Pills vs. Plants: Are Supplements Worth Taking?
A practical guide to getting the nutrients you need, skipping what you don’t, and saving money in the process.
Do you really need a multivitamin? Which supplements are actually worth it? Are you getting enough protein, vitamin D, or B12? And what about iron, DHA, or creatine? In this guide, I break down what to take, what to skip, and how to make smart, science-backed decisions without wasting money.

Let’s recap what I’ve been saying for nearly 30 years—and still stand by:
A whole foods, plant-based diet is rich in the nutrients we need to thrive.
The essential nutrients we require are found in plants — not animals.
Vitamin B12 is the one exception, as it isn’t made by plants or animals but by microbes.
There’s no need to go through animals to get the nutrients they (theoretically) got from plants. (Factory-farmed animals are fed supplemented feed, not actual plants.)
When it comes to nutrition, it’s not just about getting the nutrients — it’s about absorbing them.
So...that should be the end of the story, right?
Well, not quite.
Even if all of the above is true (and it is), important questions still remain:
Are there times when vitamin or mineral supplements are necessary?
Can supplements ever be harmful?
Are they just a waste of money?
Is taking a daily multivitamin wise — or pointless?
And what vegan, zero-waste supplements do I, personally, recommend?
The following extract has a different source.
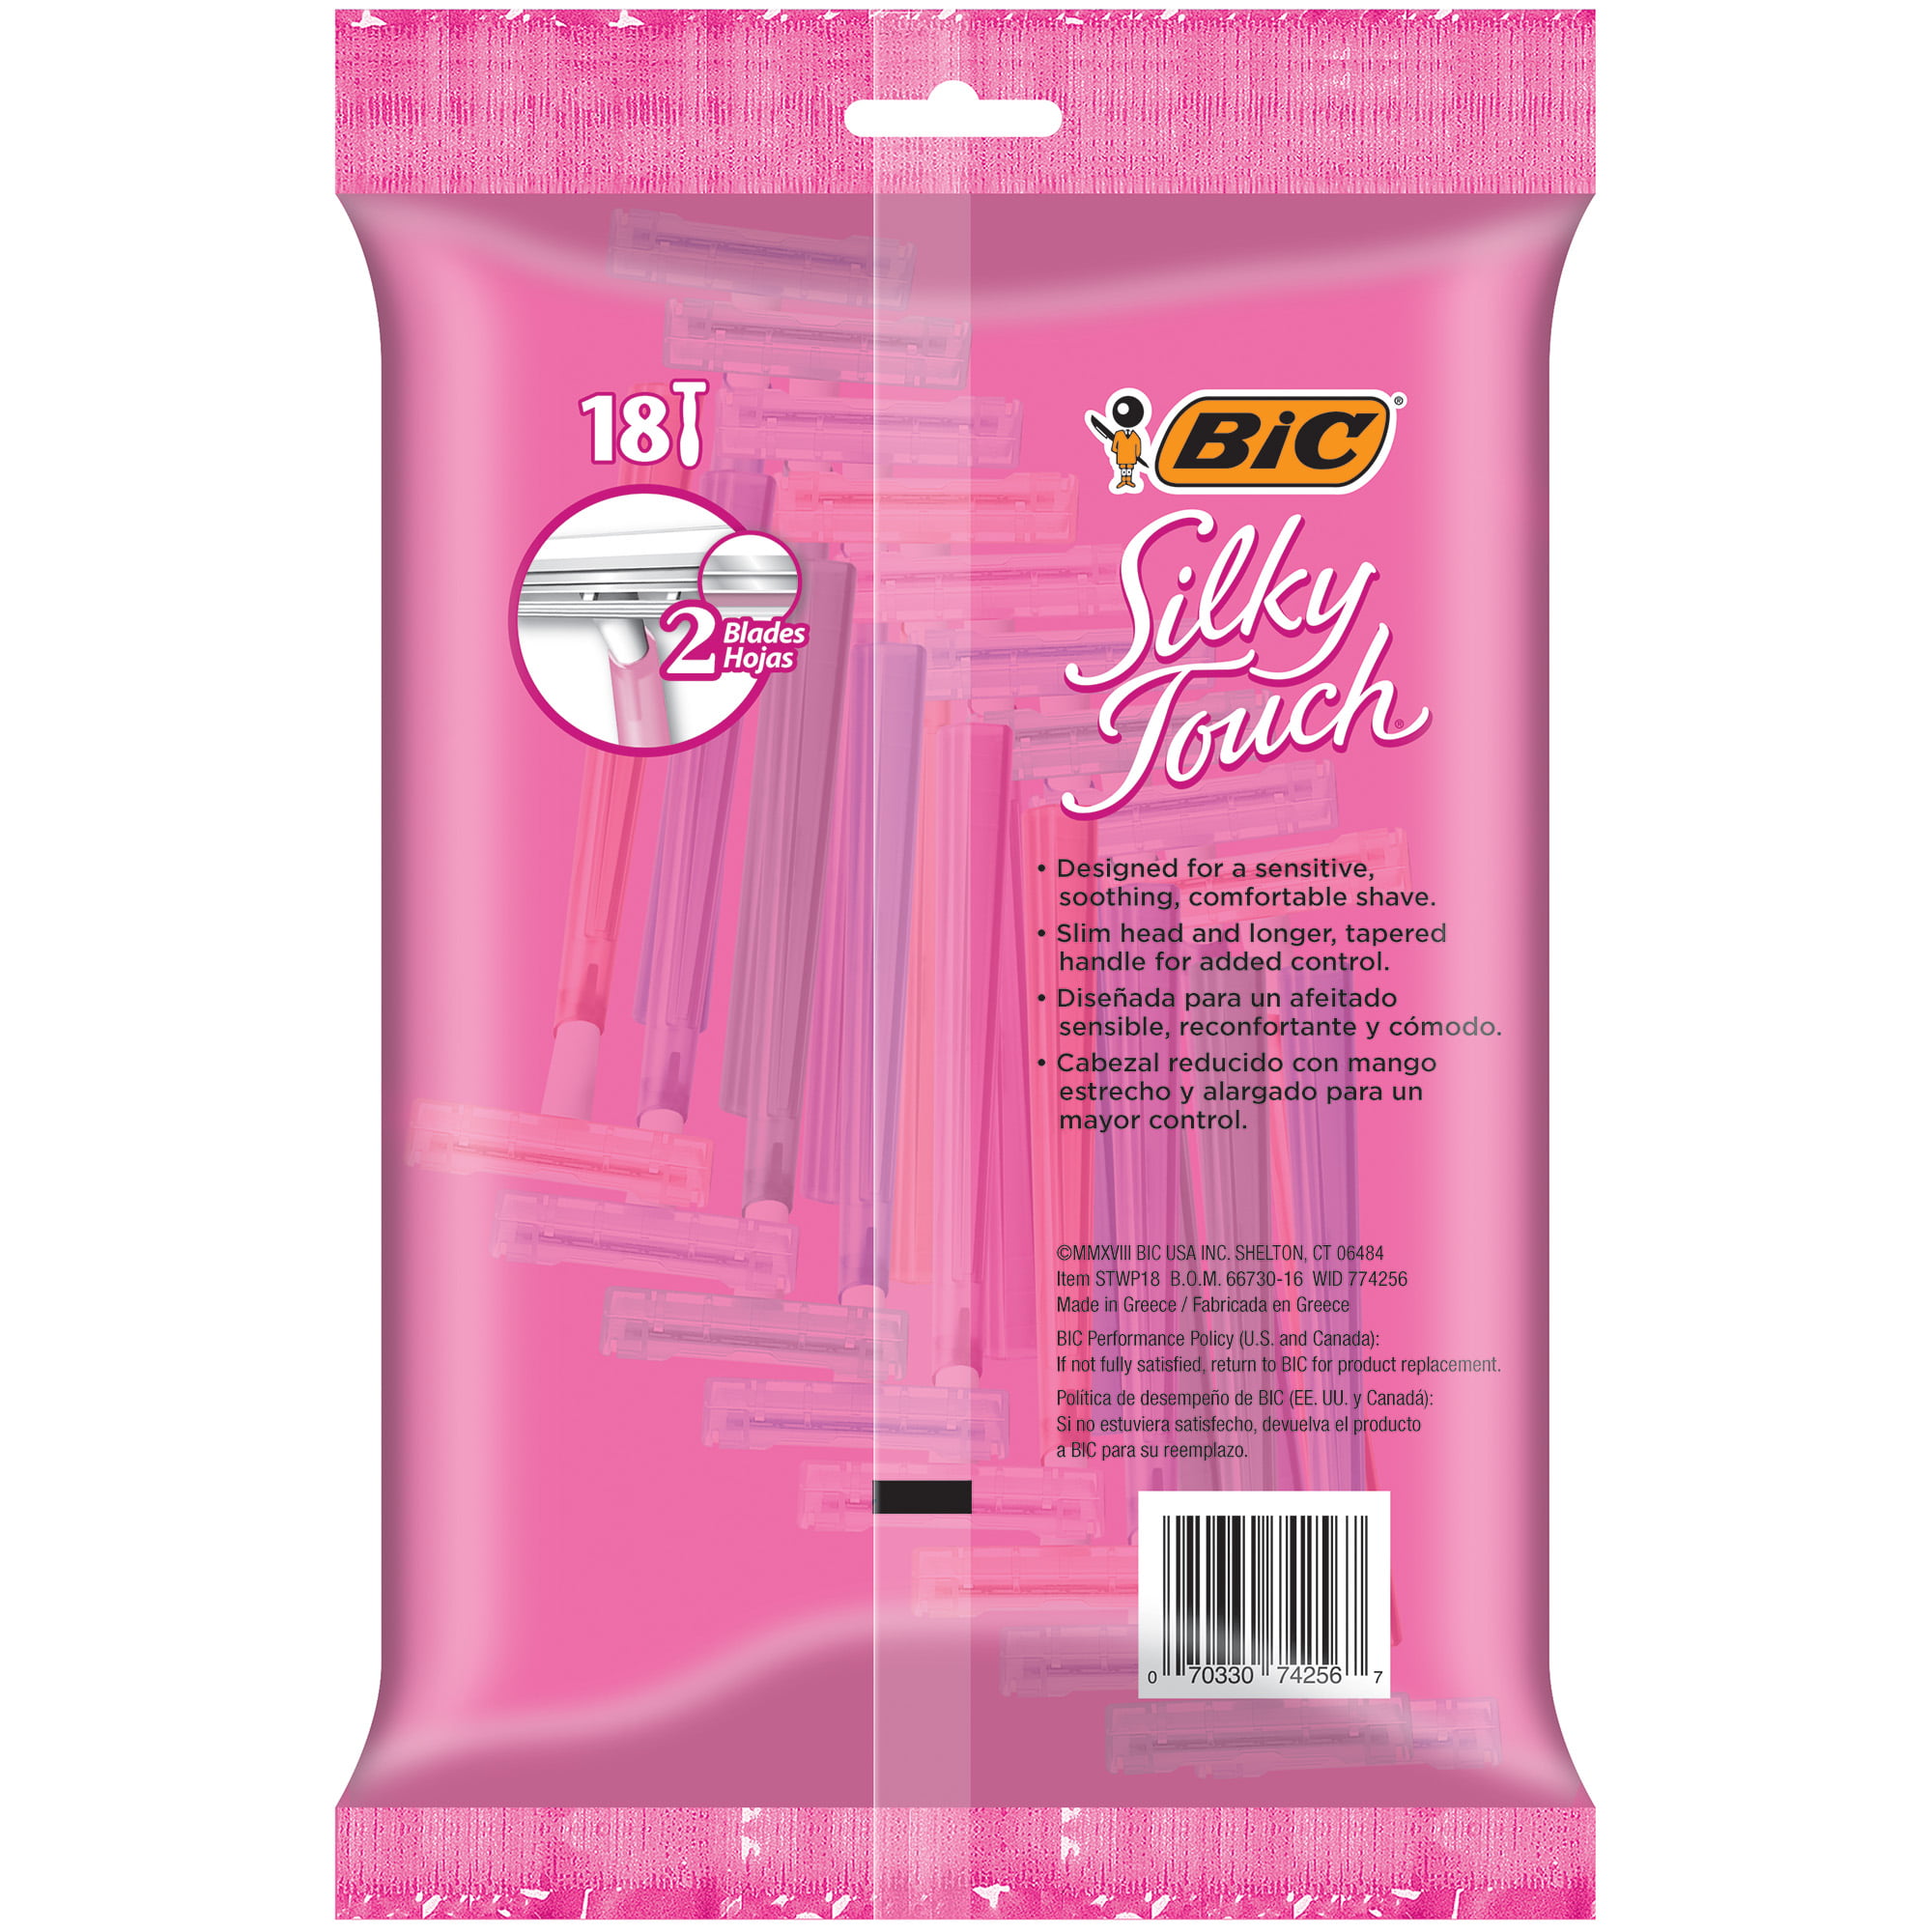 BIC Silky Touch Women's Razors, 18 Pack

That’s what this article is here to unpack. And while I’m not a doctor or a registered dietitian, I’ve spent decades immersed in this work — guided by common sense, science, experts, and a deep commitment to helping you make the most informed, empowered decisions for your health and well-being.
So, let’s do this.
The Power of Plants
In the pursuit of optimal health and well-being, the importance of vitamins and minerals can’t be overstated. But in our quick-fix society, we’ve been conditioned to believe we can offset an unhealthy lifestyle with a daily dose of supplements—and that the beneficial properties of whole foods can be captured in a single pill.
That’s one of the reasons the global dietary supplements market is a multibillion-dollar industry.
Nature is a complex machine, and the nutrients in plants—the fiber, phytonutrients, vitamins, minerals—all work together as part of a perfect package. Isolating one or two and taking them in pill form means missing out on the synergy that makes plant foods so powerful.
Having said that, the effects of living in our modern age aren’t all bad.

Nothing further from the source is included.